Based on the distribution of invalid character data in the resulting SGML files, it seems that there were some minor fluctuations in the format of the pre-SGML files during the 1991-1992 collection period; roughly half of these files have seven or fewer character errors per file, and the other half (mostly in 1992) have a few dozen character errors (up to 75 errors in one file). Note that nine of the twelve "pd92*" files contain null bytes -- the number of null bytes per file ranges from 5 (in "pd9207.sgml") to 51 (in "pd9204.sgml").

The pre-SGML files from 1993 apparently introduced some important format differences that went untreated in the conversion to SGML, with the result that there are, on average, about 3000 character errors in each of the "pd93*.sgml" files -- at least one unusable byte code in almost every story in this portion of the collection. (Actually, only 414 stories out 36924 in the 1993 data files contain no character errors.) We have provided both a complete log of all the invalid character occurrences and a summary by file and DOCNO pd-char-err.log and pd-char-err.summary.

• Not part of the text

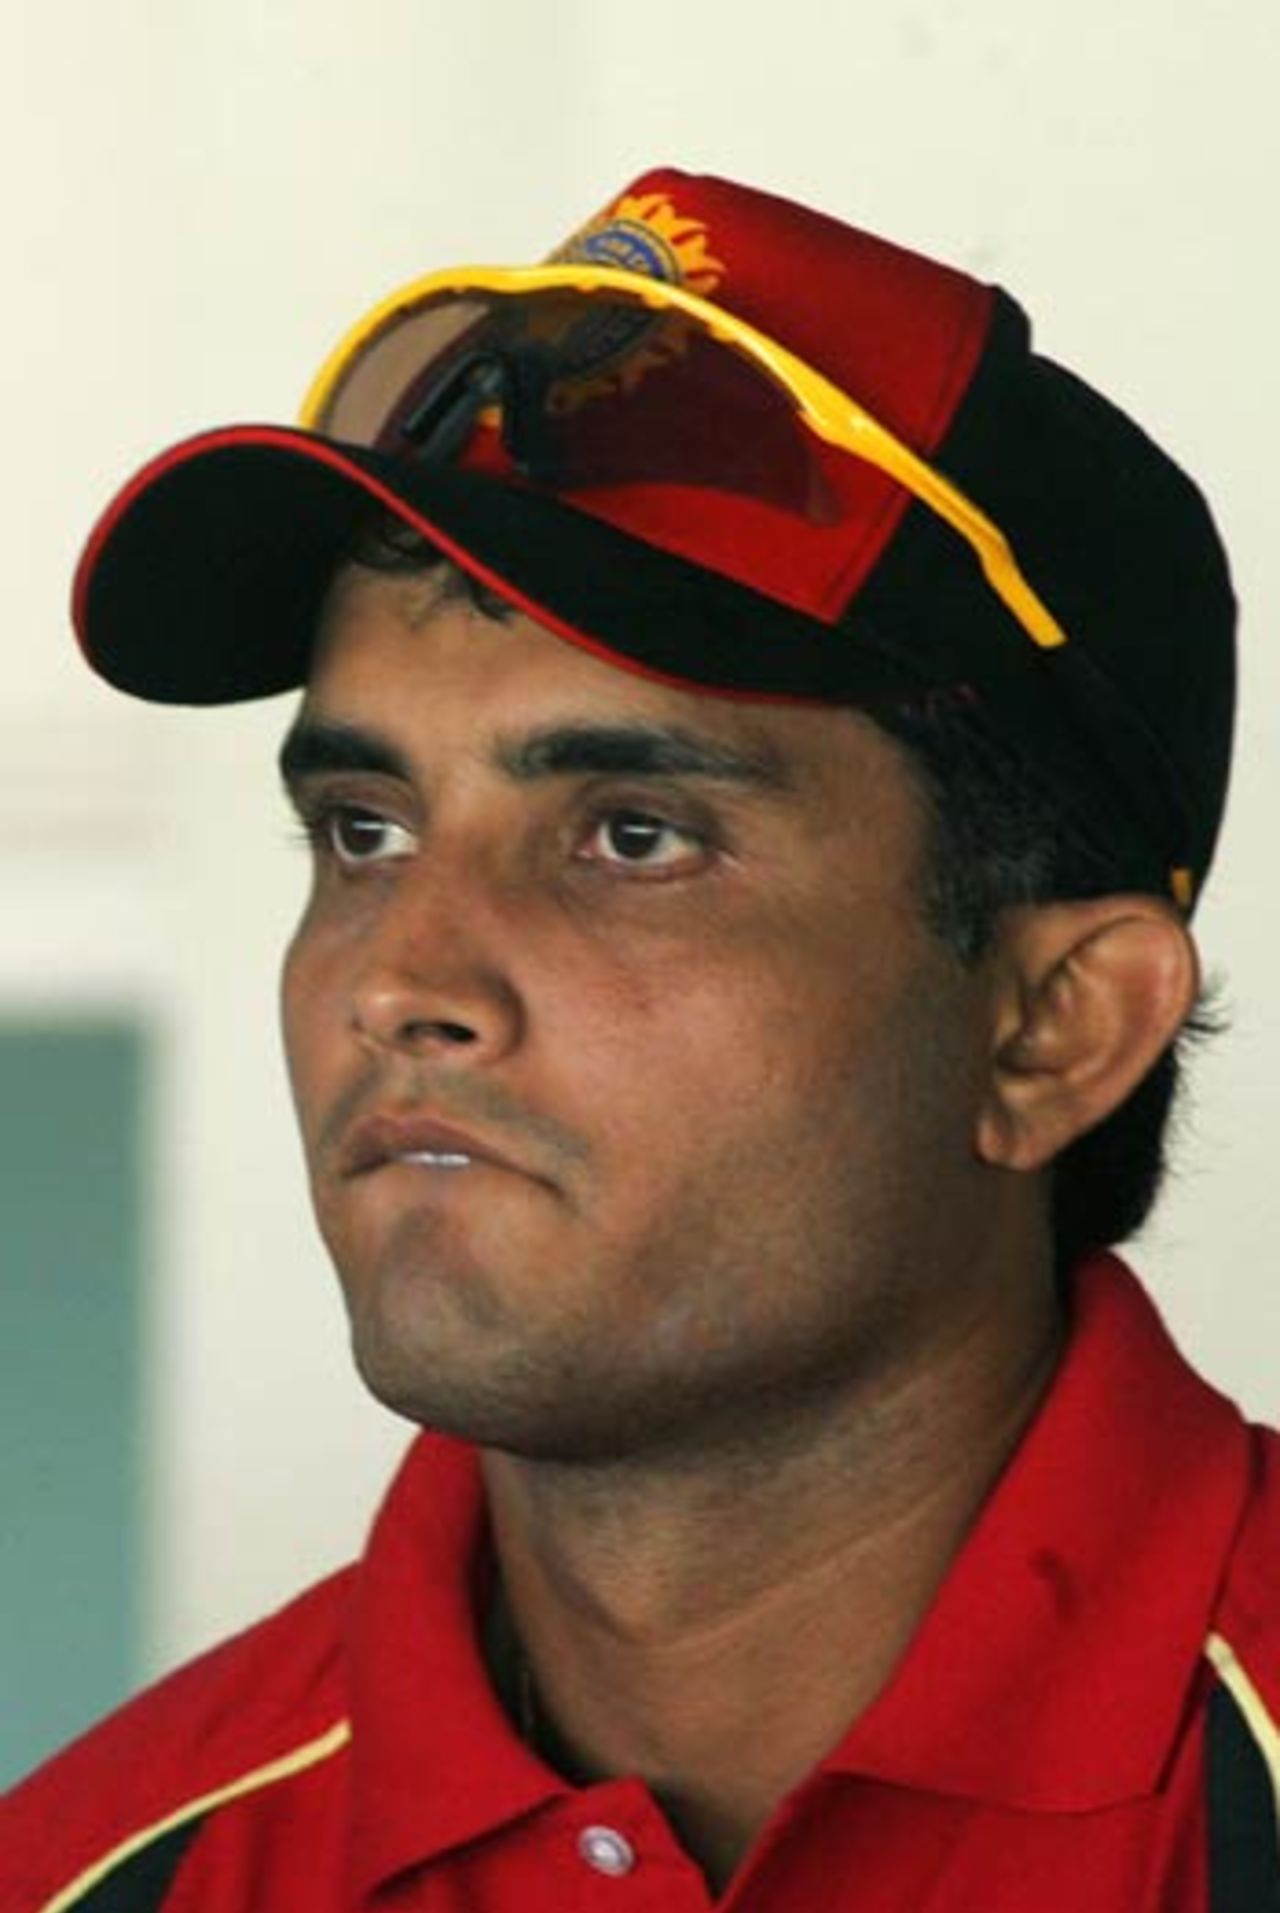 Sourav Ganguly watches on before the start of the second game, India Blue v India Green, Challenger Series, Chennai, October 2, 2006

The vast majority of 1993 stories contain exactly one unusable byte, and the value of this byte is usually 0xFF or 0x7F; unlike the Xinhua data, the 0xFF byte value in People's Daily files appears to have been used originally as a story-boundary marker, and is therefore isolated from (not part of) GB text strings. In other words, each individual 0xFF byte should be deleted or ignored by itself -- not as part of a GB byte-pair -- and this will not misalign the subsequent GB data. (Actually, the 0xFF bytes are typically found outside the <TEXT> portion of the <DOC> unit, e.g. in the content of the <HL> tag; but see below regarding other occurrences.

Missed story boundaries in People's Daily files

There is one other aspect of the 1993 format differences that may have a more serious impact on the quality of the data (and it's suitability for information-retrieval research). After finding that the 0xFF bytes were used in the original raw data as part of the story boundary demarcation, we discovered that these bytes sometimes appeared one or more times within the <TEXT> portion of stories. Looking more closely at these instances, we found that other story boundary cues were present within the <TEXT> portion of many stories as well. In other words, the SGML conversion, when applied to 1993 People's Daily data, missed a number of actual story boundaries, and combined two or more distinct stories together within the <TEXT> portion of a single <DOC> unit.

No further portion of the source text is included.